%%
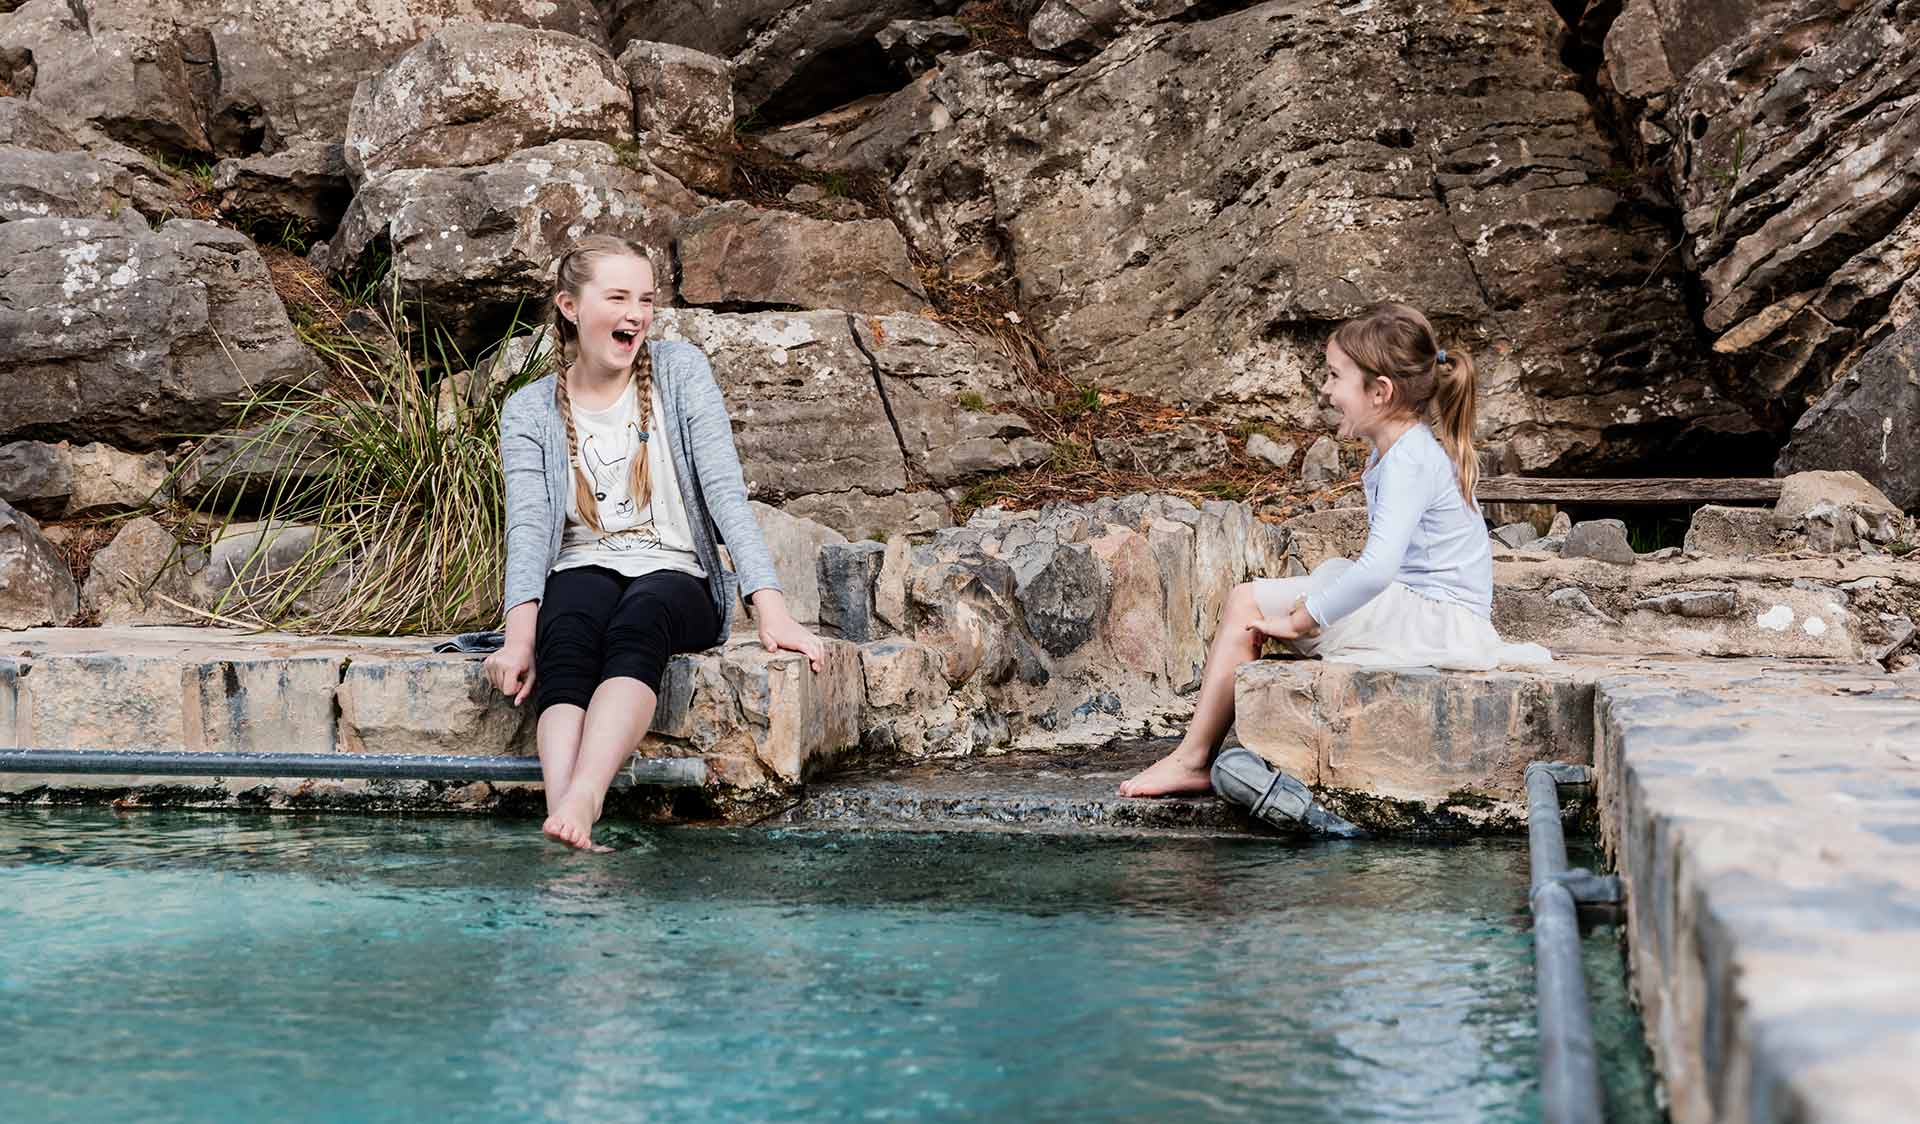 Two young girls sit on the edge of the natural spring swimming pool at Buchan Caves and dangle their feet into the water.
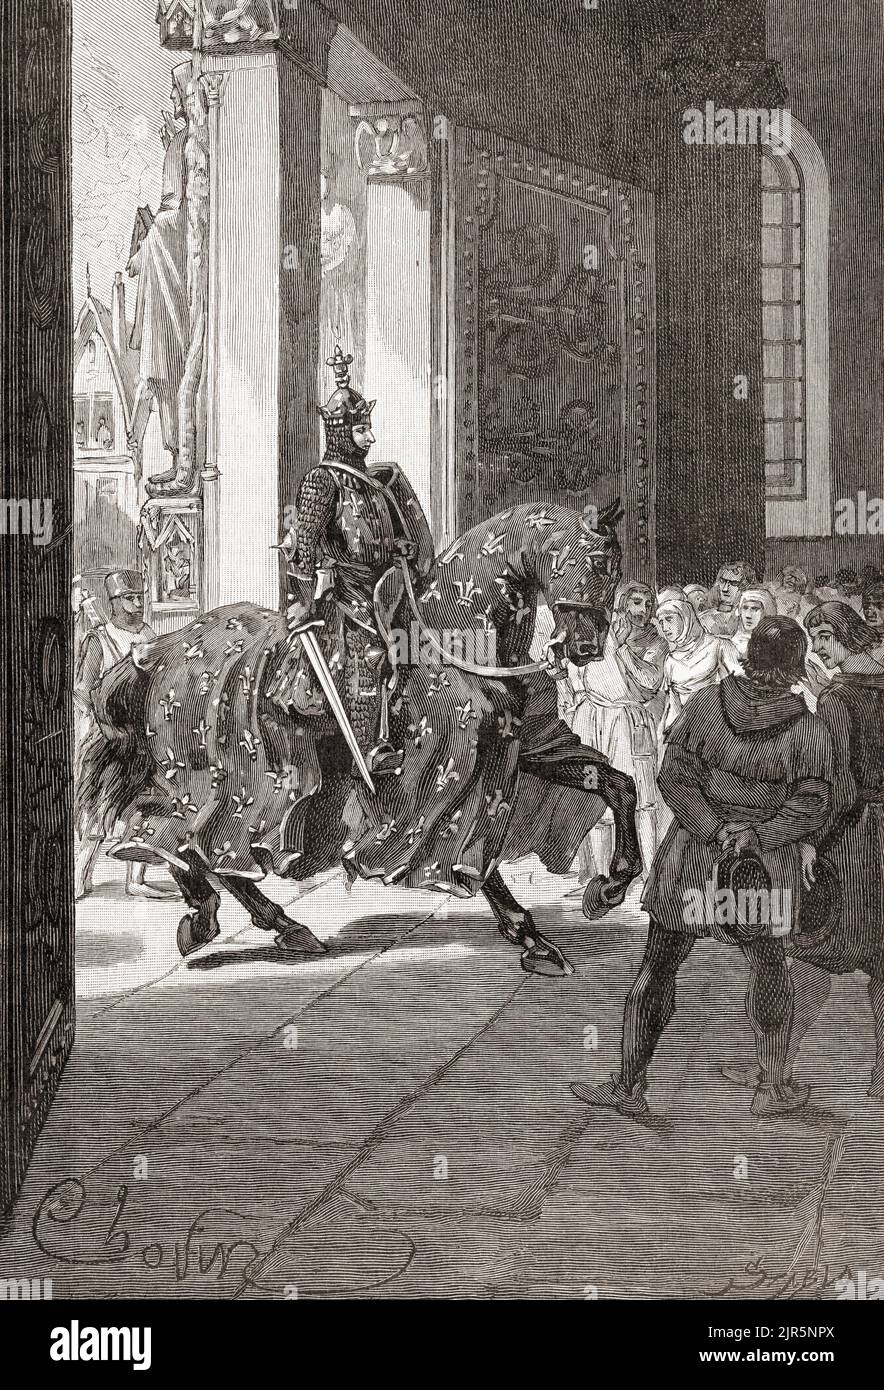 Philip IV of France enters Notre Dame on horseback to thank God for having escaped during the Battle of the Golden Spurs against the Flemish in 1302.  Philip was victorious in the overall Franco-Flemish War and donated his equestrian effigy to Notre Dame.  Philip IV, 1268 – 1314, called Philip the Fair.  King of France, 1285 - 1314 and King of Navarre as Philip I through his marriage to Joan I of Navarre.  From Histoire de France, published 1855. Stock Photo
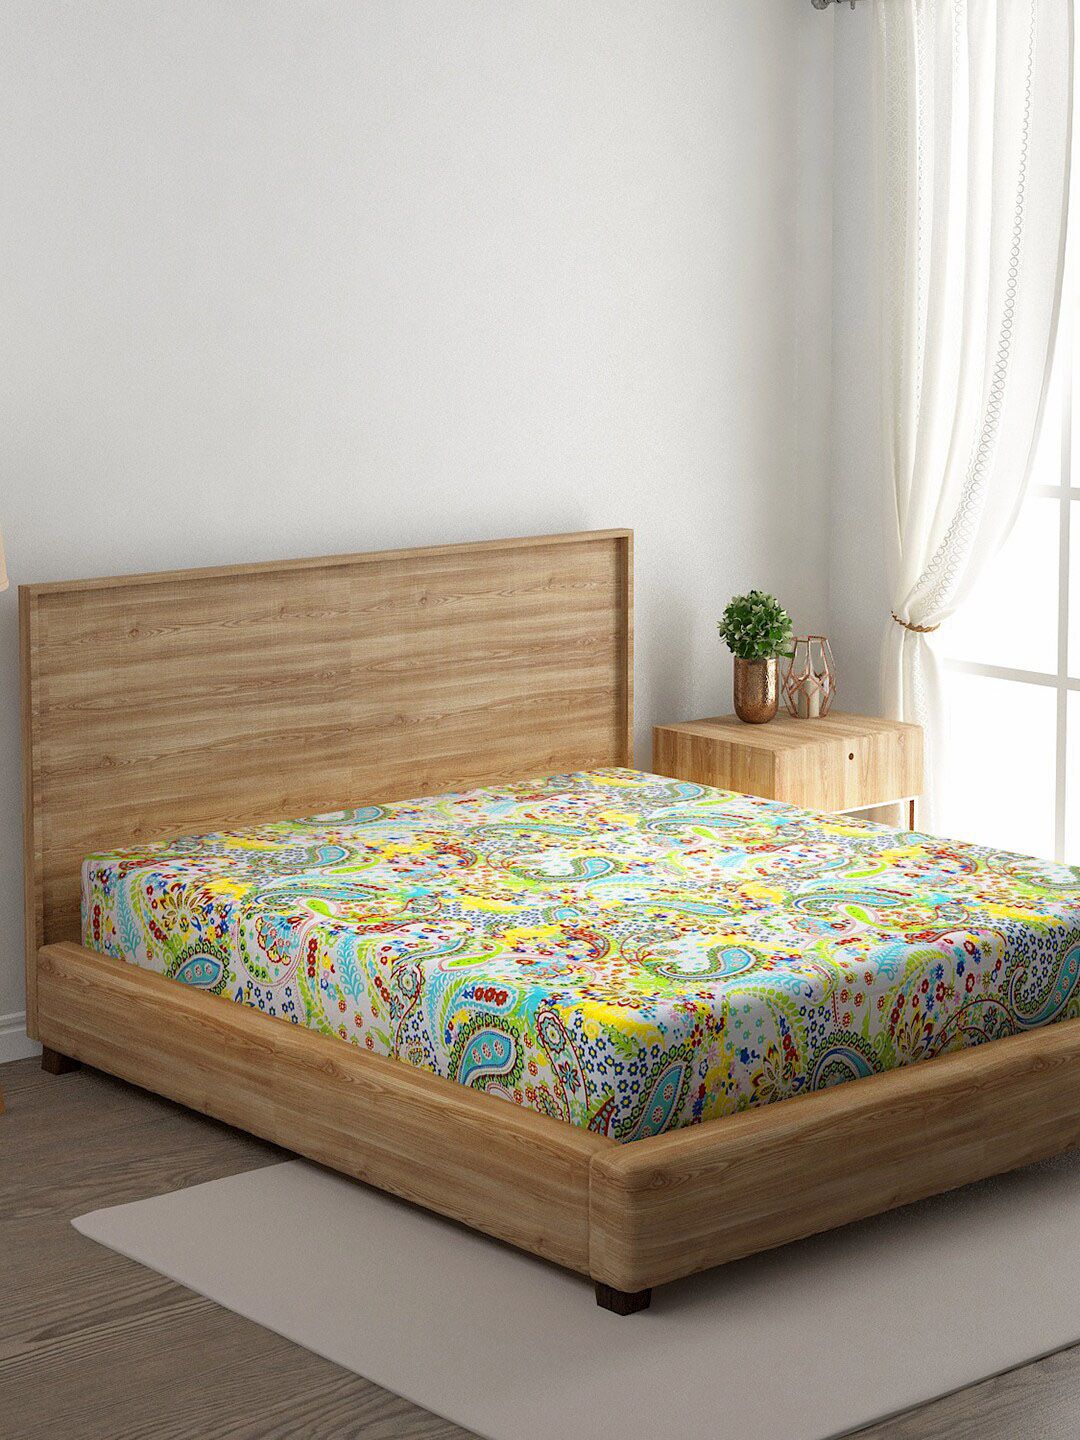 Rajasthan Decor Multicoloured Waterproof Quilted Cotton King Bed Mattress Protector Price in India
%%
Description of the task: Copy the material above exactly and drop the pictures.

Completed task:
 Two young girls sit on the edge of the natural spring swimming pool at Buchan Caves and dangle their feet into the water.
 Philip IV of France enters Notre Dame on horseback to thank God for having escaped during the Battle of the Golden Spurs against the Flemish in 1302.  Philip was victorious in the overall Franco-Flemish War and donated his equestrian effigy to Notre Dame.  Philip IV, 1268 – 1314, called Philip the Fair.  King of France, 1285 - 1314 and King of Navarre as Philip I through his marriage to Joan I of Navarre.  From Histoire de France, published 1855. Stock Photo
 Rajasthan Decor Multicoloured Waterproof Quilted Cotton King Bed Mattress Protector Price in India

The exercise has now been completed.